İnsanın düşüncelerine duygu katmayı başarması, stratejik düşünme yeteneği ile ortaya çıkar. Bunun için kişi plan yapmalı, kendine zor sorular sormalı ve bazı konularda gerekirse acı çekmeyi göze almalıdır. Çünkü acı, onu değişime itecektir. İnsan, üzüntü duygusunu dönüşüm için kullanmayı başarabilir.
Bunu gerçekleştirirken de alışılmış fikirlerin dışında fakat amaca uygun düşüncelere yönelmesi gerekir. Tehlikeden çekinen, stratejik düşünceden yoksun kimse ezberlediği yoldan gider. Oysa amacına uygun orijinal düşünceler üretenler, güçlükten kaçmayan insanlardır. Cevabı zor sorular sorar, orijinal fikirlerden hoşlanır ve doğru program yaparak amaçları doğrultusunda ilerlerler.
Daha sonra, sıra düşüncelerini süzgeçten geçirme safhasına gelir. Buna 'hipotalamik' düşünce de diyebiliriz. 'Talamus' adı verilen yumurta büyüklüğündeki bölge, beynin süzgecidir. Beynimiz, beş duyumuz vasıtasıyla etraftan ses, görüntü, ışık gibi on binlerce uyaran alır ve bu verileri talamus yardımıyla süzer. Bu nedenle köpeğin duyduğu frekansı biz duyamayız.

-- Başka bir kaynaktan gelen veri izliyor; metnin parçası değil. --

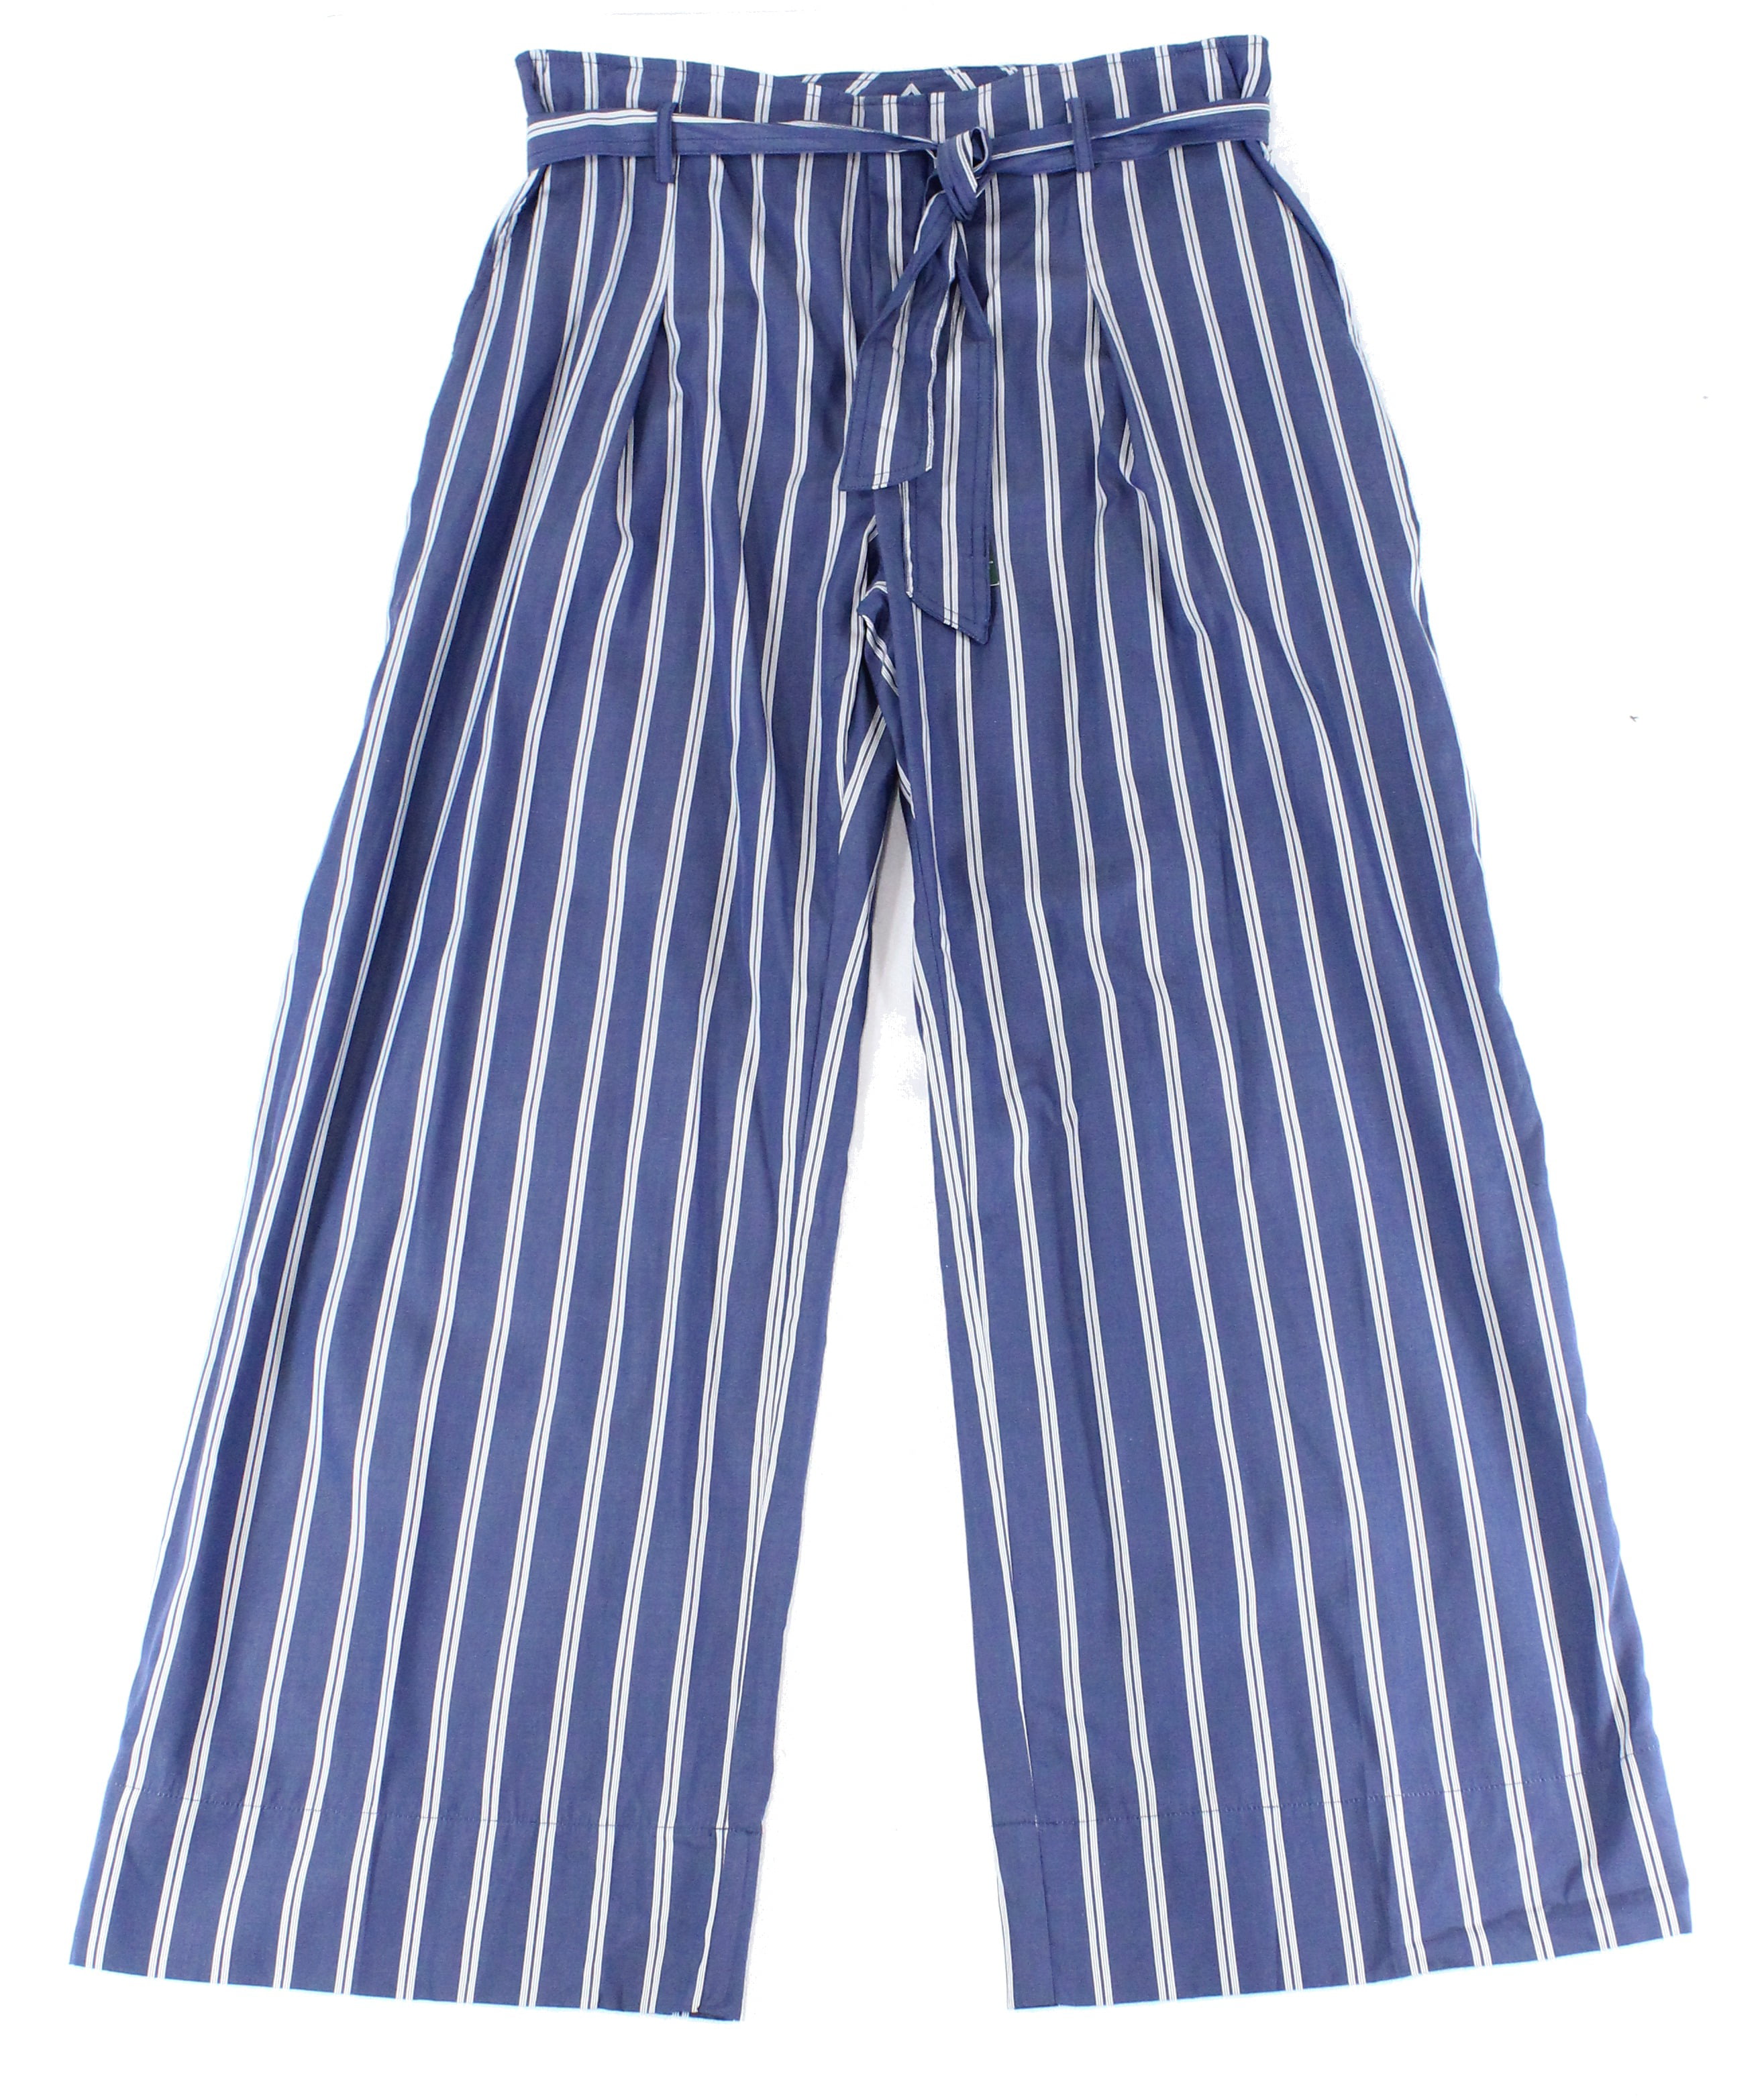 Ralph Lauren - Womens Pants Petite Striped 14P - Walmart.com - Walmart.com

Onun enerji bandını biz alamayız. Eğer insan bütün veri ve bilgileri algılarsa, beyni çalışamaz hale gelir. Beynin ortası beş duyudan gelen uyaranları süzdükten sonra, bunları beynin bilgi işlem yapan alanına gönderir. Bu işlemi duyusal olarak çocukluktan itibaren biliriz. Böylece acı, korku, soğuk, sıcak ve dokunmayla ilgili pek çok veriden zararlı olanlar süzgeçten geçirilmiş olur. Bu, beynin fizyolojik filtresidir.
Beyinde ayrıca talamus bölgesinin altında 'hipotalamus' adı verilen bir bölge daha vardır, bu da insanın psikolojik filtresidir. Kişiye acı veya sevinç veren, onu üzen ya da üzmeyen, menfaatine olan ya da olmayan konuları süzer. Beyninin hipotalamus süzgecini kullanan kişi, kendisine zarar verme ihtimali olan durumları tolere ederek, tehlikelerden en kolay şekilde kurtulur.